= John Doukas (son of Nikephoros Bryennios) =

Byzantine aristocrat and military commander

John Doukas (Ἰωάννης Δούκας, c. 1103 – after 1173) was a Byzantine aristocrat and military commander.

==Life==
Born around 1103, John was a younger son of the general and historian Nikephoros Bryennios the Younger and Anna Komnene, the eldest daughter of Emperor Alexios I Komnenos. In the sources, he is never referred to with the surnames "Komnenos" or "Bryennios", but always with the name "Doukas", which he inherited from his maternal grandmother, Empress Irene Doukaina. He married at the same time as his older brother, Alexios, in 1122. John too married a princess from an unnamed Caucasian principality, whose original name is not known. She had come to the Byzantine court at a young age, become a ward of Irene Doukaina and Anna Komnene, and received the name Theodora.

John was active as a military commander, but few details are known about his career. In 1138 he was away on campaign against the Seljuk Turks near the Sangarios River, when his wife died. Later, likely during the reign of Manuel I Komnenos, John fought against the Turks in Anatolia, against the Italo-Normans, and in the Caucasus (likely against Georgia). In 1140/1142 John married a second time.

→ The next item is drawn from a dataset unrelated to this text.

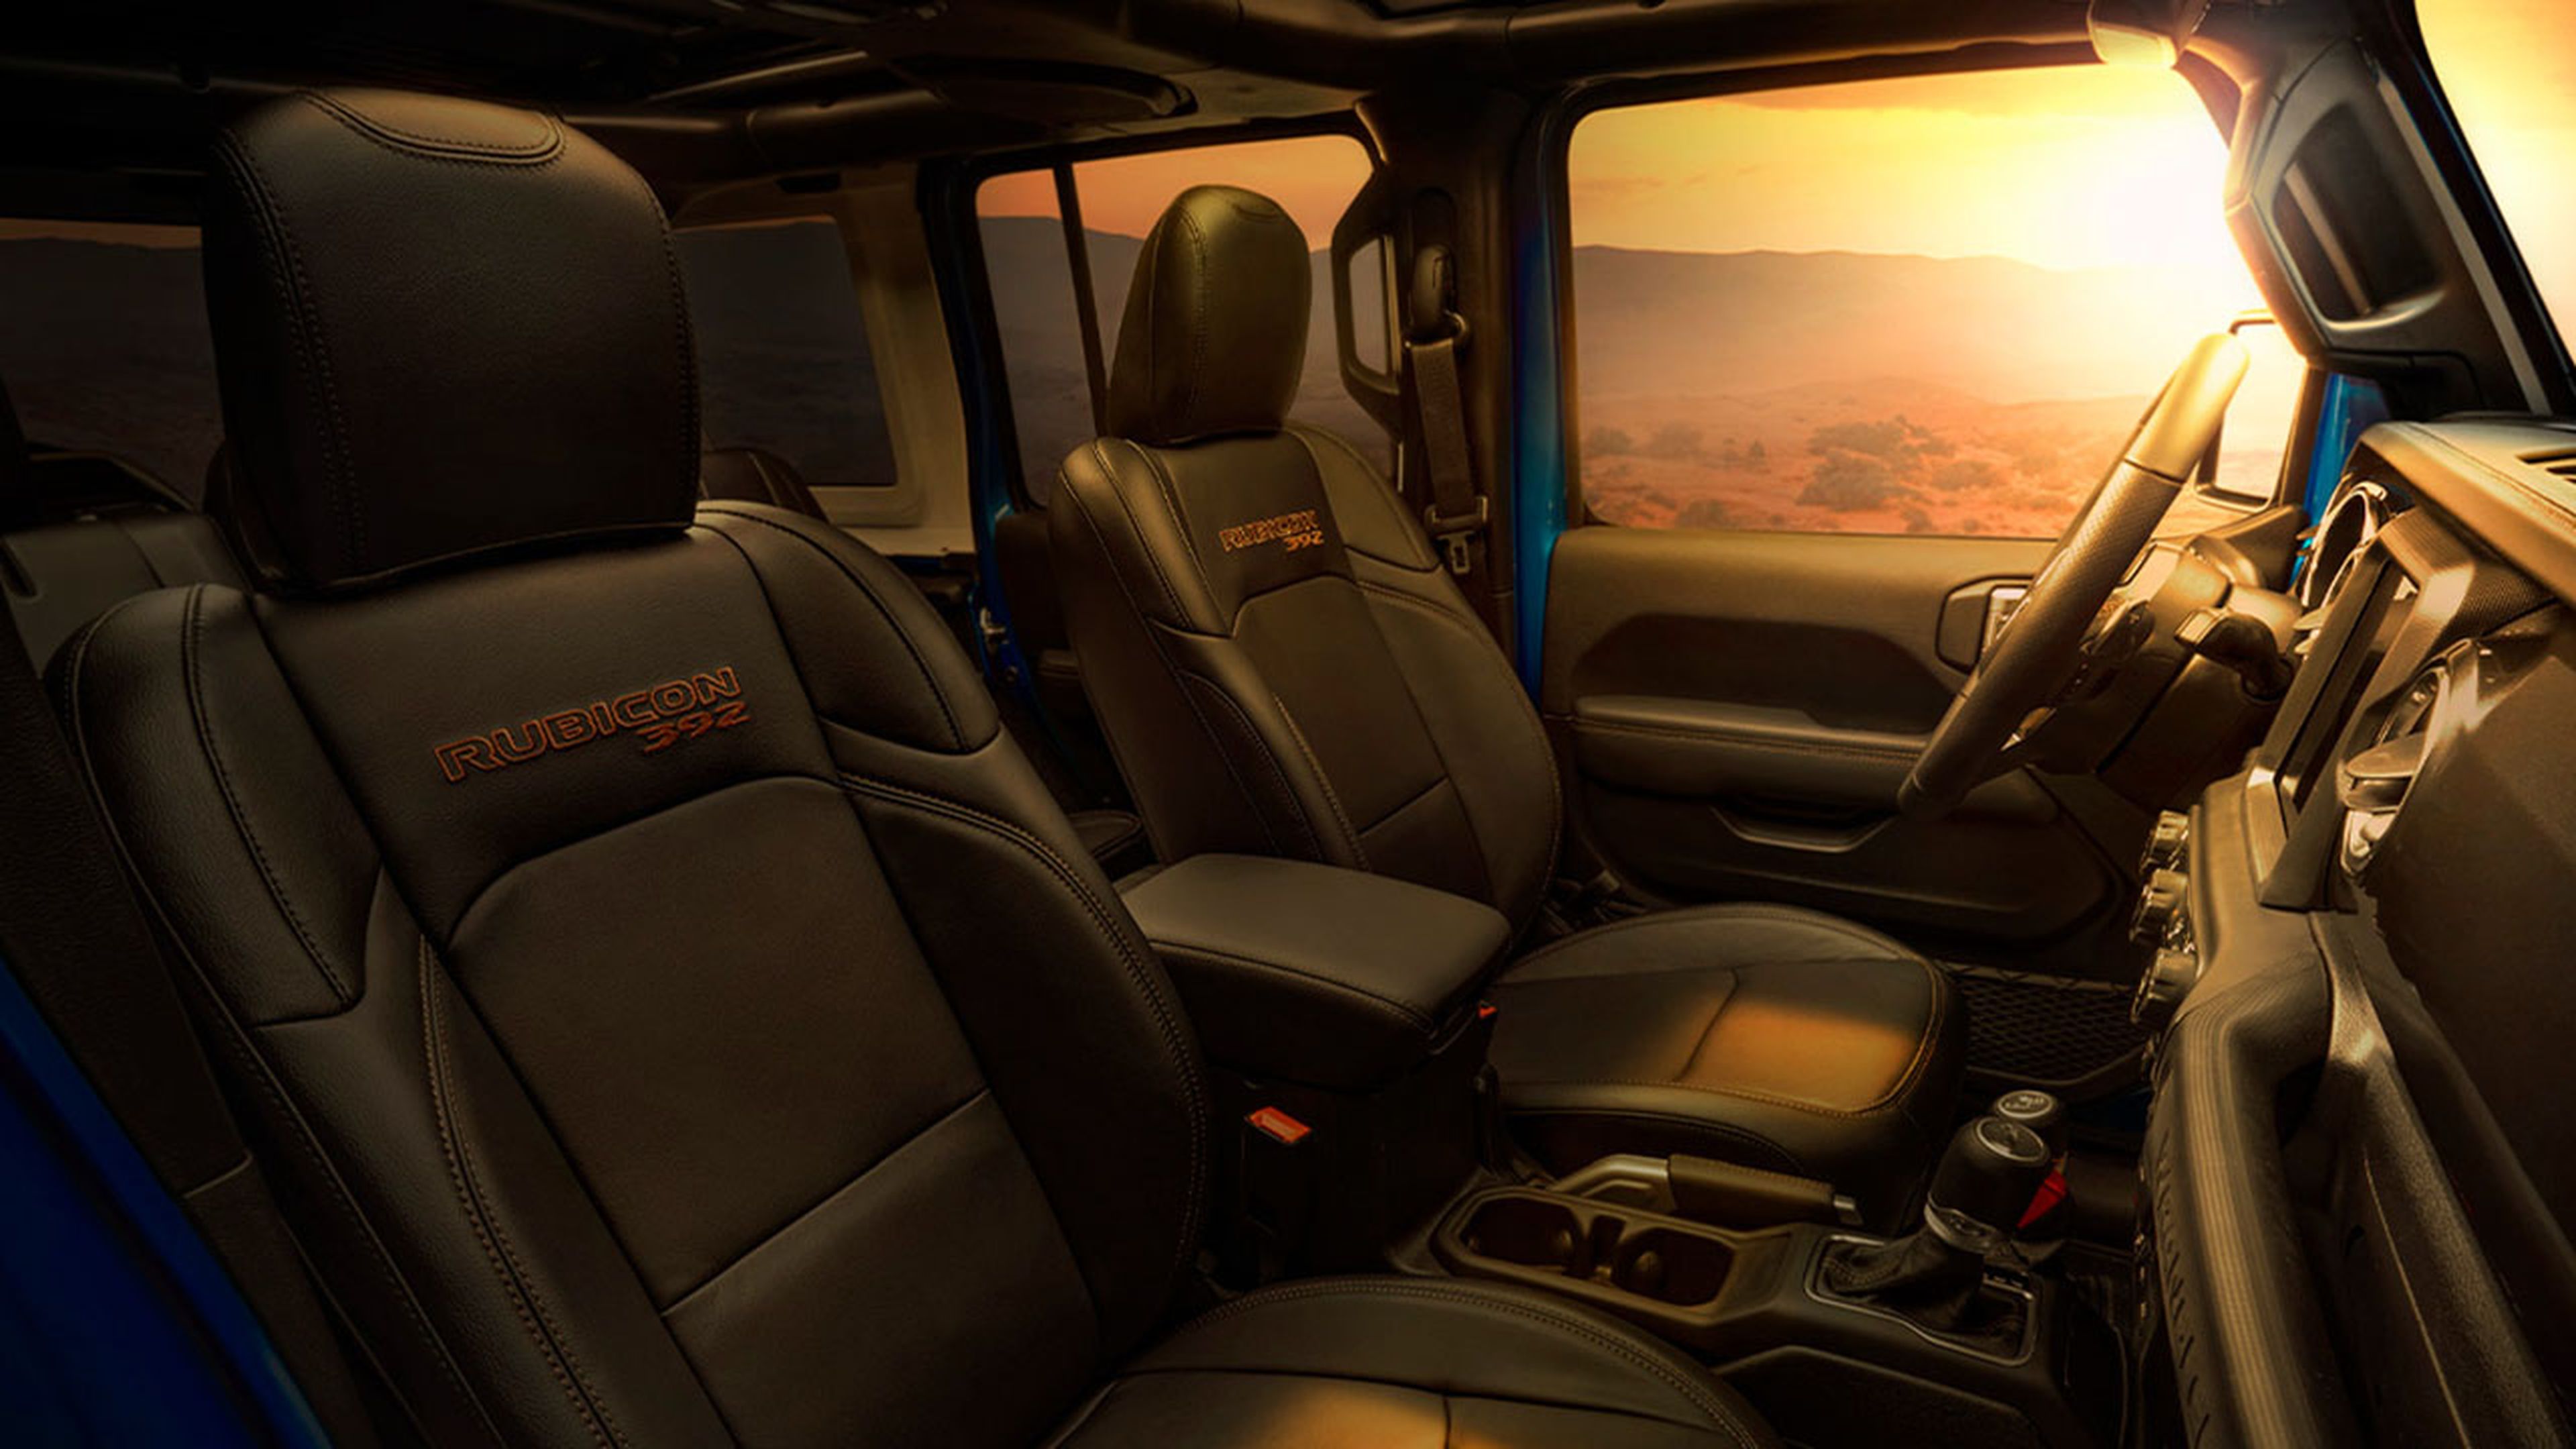 Exquisito y refinado interior (Jeep).

The name and identity of his wife are not known, other than that she was a Byzantine noblewoman noted for her intelligence and education. The historian Konstantinos Varzos hypothesizes that she was possibly the daughter of the senior official Michael Hagiotheodorites.

In 1166, John participated in a church synod that tried the bishop of Lampe for heresy. Both Eustathius of Thessalonica and Constantine Manasses praise John's bravery in their works, as well as his erudition. John died some time after 1173.

==Issue==
From his first marriage, John had a son, Nikephoros, who likely died at an early age, certainly before 1144.

From his second marriage, John had several children:
- Nikephoros (c. 1144–1173), he was of a scholarly inclination and a student of Eustathius of Thessalonica. He became a sebastos and epi ton deeseon. He married and had offspring, whose names are unknown.
- Andronikos (born c. 1148), became a sebastos and had a military career. Little is known about his life or his family.
- Alexios (born c. 1150), became a sebastos and had a military career. Little is known about his life or his family.
- Manuel (born c. 1160), is only mentioned on the occasion of his brother Nikephoros' death in 1173. Nothing is known about his life or his family.